== Data segment ==
=== Begin Enclosure ===
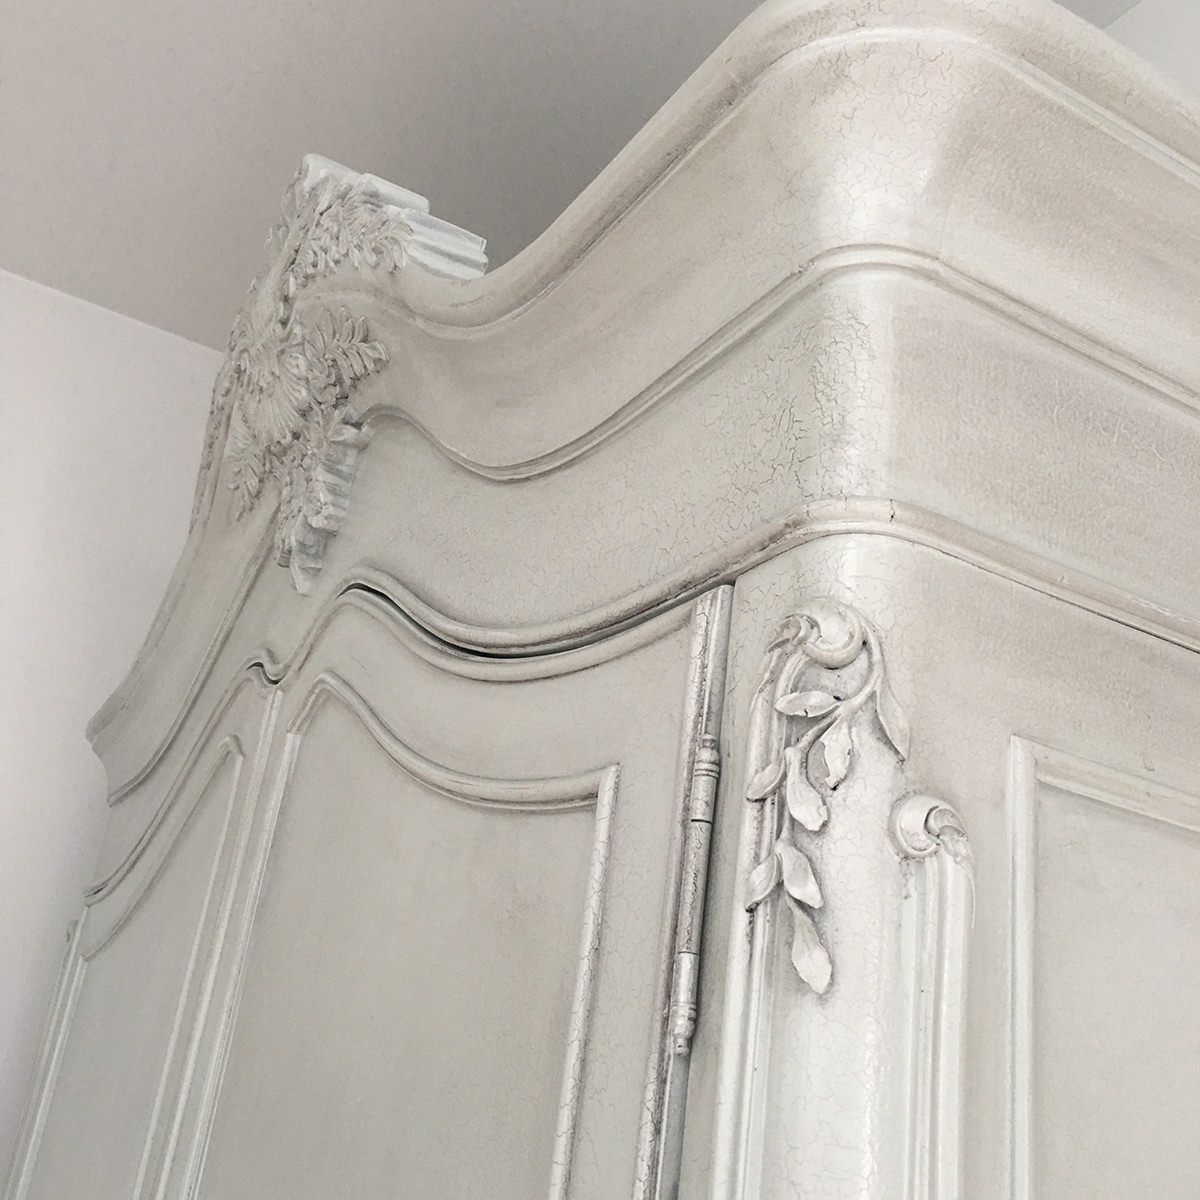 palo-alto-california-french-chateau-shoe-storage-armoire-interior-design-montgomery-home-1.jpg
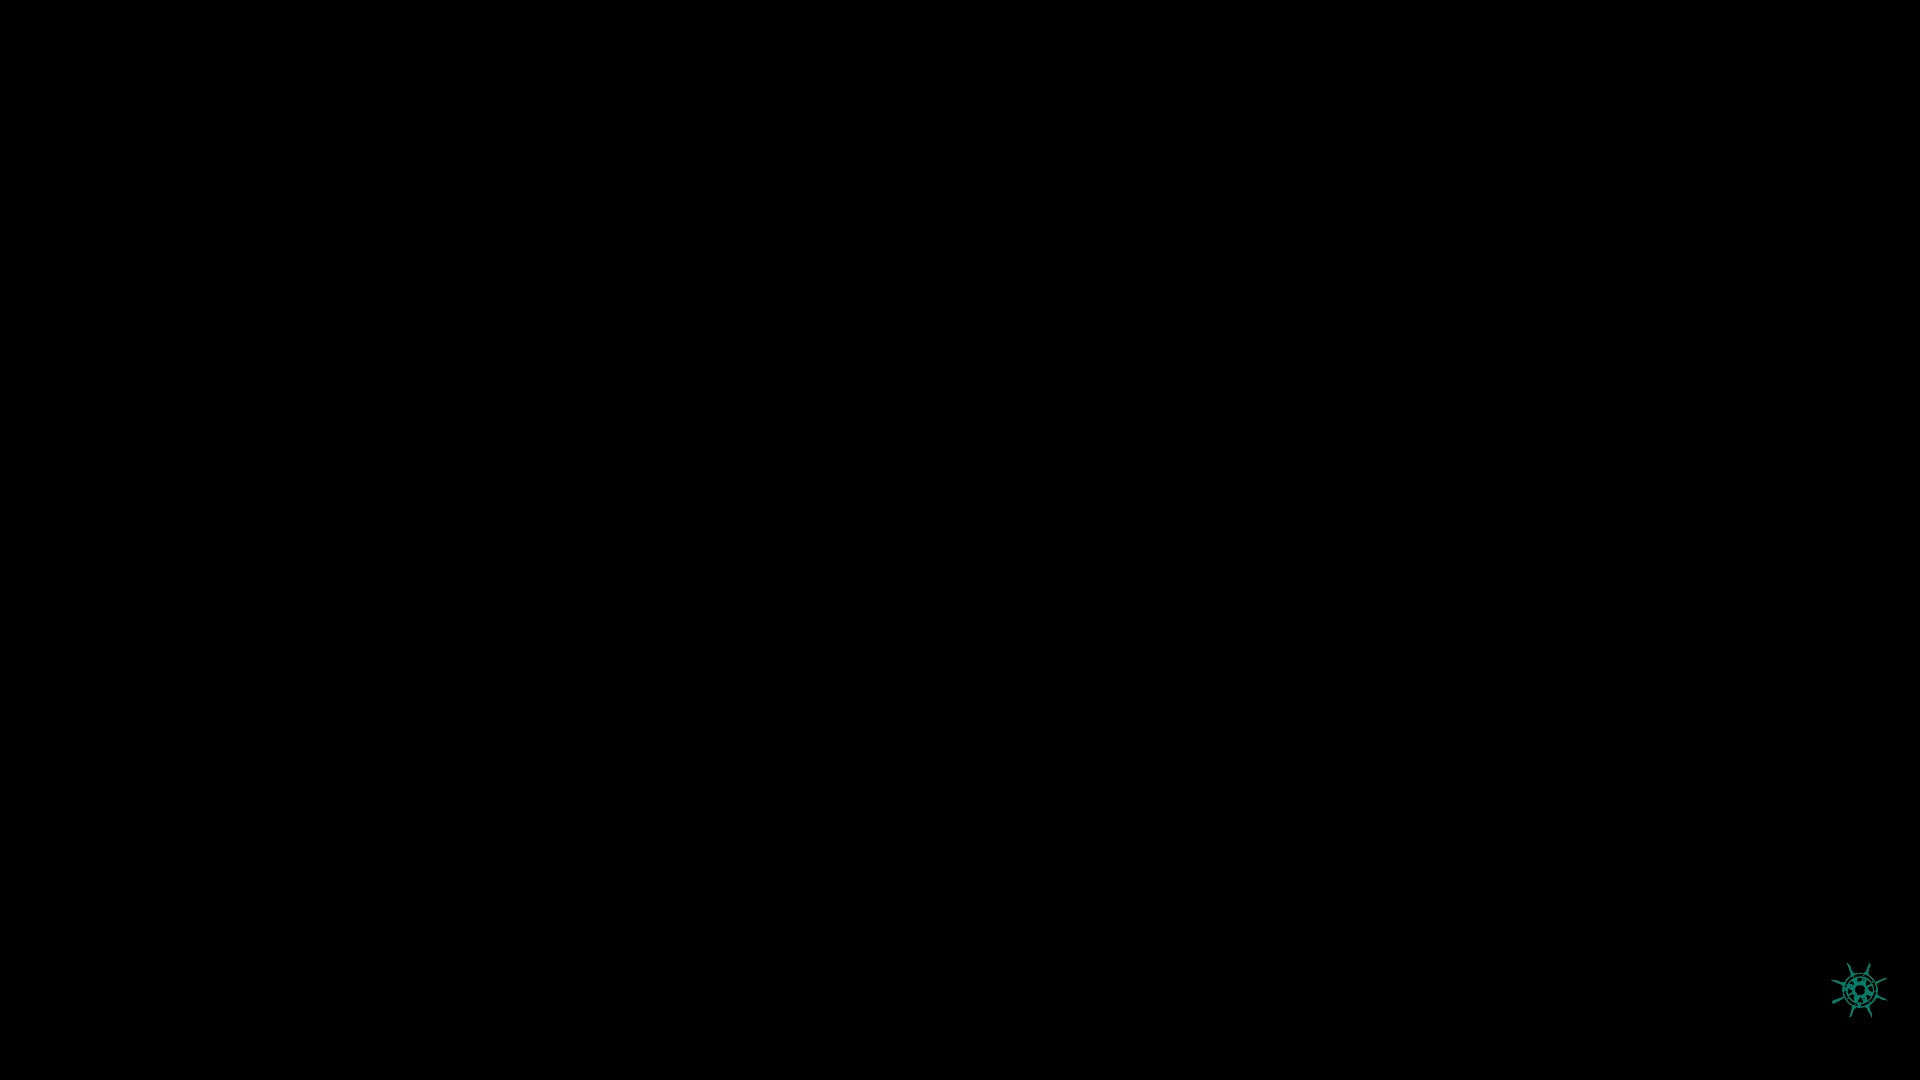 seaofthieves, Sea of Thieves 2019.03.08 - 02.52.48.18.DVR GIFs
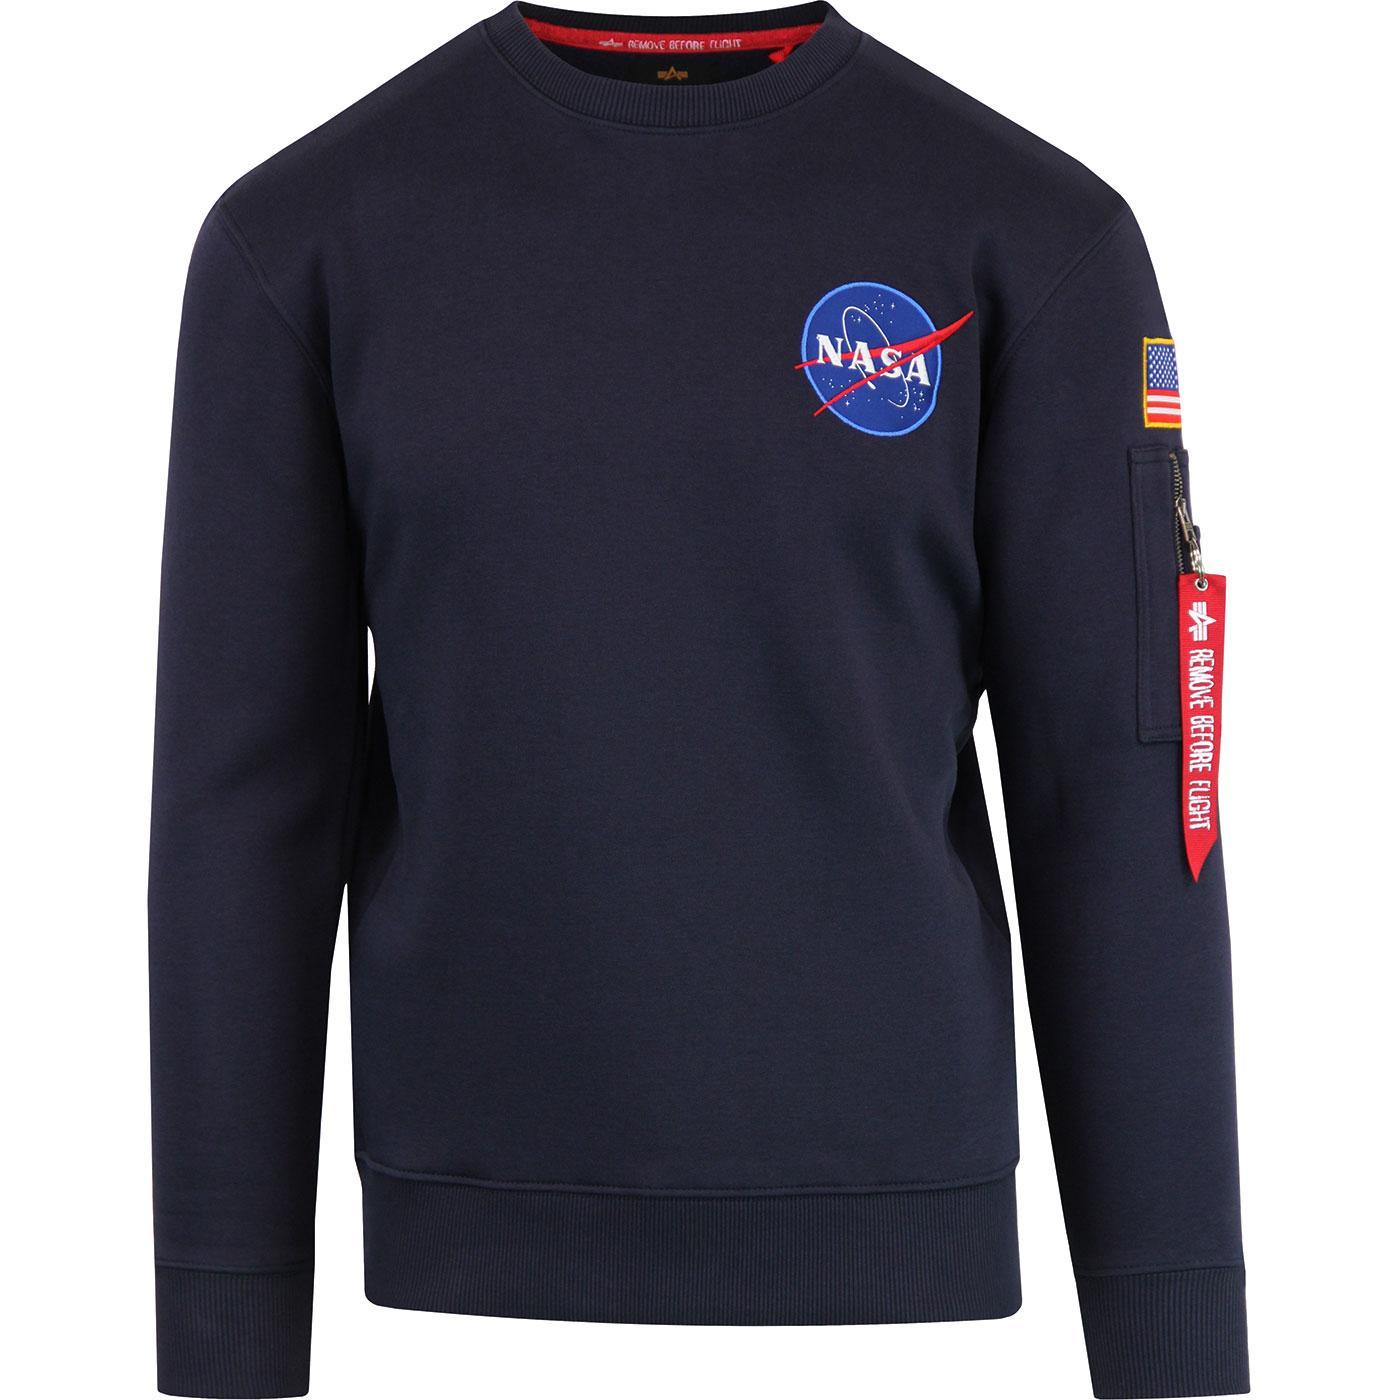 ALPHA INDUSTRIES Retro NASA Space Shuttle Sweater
=== End Enclosure ===
== Your task ==
Return all the data above as written, leaving out only the pictures.

== Reply ==
 palo-alto-california-french-chateau-shoe-storage-armoire-interior-design-montgomery-home-1.jpg
 seaofthieves, Sea of Thieves 2019.03.08 - 02.52.48.18.DVR GIFs
 ALPHA INDUSTRIES Retro NASA Space Shuttle Sweater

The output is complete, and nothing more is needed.